# [ACTION ITEM]
What must be returned is the number of lines in the records holding the word "Winter", with no other text.
(MATERIAL TO PROCESS Opens)
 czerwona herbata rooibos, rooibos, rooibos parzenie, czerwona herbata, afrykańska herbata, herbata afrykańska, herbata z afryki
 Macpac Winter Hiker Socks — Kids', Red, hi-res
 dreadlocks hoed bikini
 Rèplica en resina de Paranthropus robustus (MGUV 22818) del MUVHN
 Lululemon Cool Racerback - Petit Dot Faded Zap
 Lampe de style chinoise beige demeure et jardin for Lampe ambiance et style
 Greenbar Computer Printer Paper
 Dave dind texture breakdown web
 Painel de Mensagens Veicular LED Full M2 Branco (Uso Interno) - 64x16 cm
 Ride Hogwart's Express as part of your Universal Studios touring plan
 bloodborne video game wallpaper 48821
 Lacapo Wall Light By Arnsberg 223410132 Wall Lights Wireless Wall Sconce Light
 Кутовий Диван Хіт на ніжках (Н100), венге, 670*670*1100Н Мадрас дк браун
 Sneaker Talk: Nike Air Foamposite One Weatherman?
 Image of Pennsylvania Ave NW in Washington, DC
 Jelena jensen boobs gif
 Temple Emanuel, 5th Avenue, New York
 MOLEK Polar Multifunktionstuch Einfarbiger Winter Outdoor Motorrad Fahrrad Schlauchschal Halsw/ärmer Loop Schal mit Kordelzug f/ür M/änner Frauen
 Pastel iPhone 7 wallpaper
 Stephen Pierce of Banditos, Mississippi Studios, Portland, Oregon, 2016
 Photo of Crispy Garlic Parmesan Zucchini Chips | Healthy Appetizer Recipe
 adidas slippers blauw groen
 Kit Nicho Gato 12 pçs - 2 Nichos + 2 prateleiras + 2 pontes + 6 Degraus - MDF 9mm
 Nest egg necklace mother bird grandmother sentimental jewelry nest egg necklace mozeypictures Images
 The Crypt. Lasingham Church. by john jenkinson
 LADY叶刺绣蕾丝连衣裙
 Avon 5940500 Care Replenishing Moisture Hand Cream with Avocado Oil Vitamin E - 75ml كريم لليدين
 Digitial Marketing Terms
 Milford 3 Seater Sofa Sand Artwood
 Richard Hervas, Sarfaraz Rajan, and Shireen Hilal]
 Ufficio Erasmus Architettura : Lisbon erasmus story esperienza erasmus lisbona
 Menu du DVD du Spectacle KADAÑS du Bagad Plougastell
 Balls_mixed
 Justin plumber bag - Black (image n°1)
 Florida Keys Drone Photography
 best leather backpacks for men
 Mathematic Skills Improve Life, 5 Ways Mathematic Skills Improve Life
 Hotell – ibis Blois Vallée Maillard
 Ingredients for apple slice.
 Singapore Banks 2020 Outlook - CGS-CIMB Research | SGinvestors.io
(MATERIAL TO PROCESS Closes)
# [EXERCISE ANSWER]
2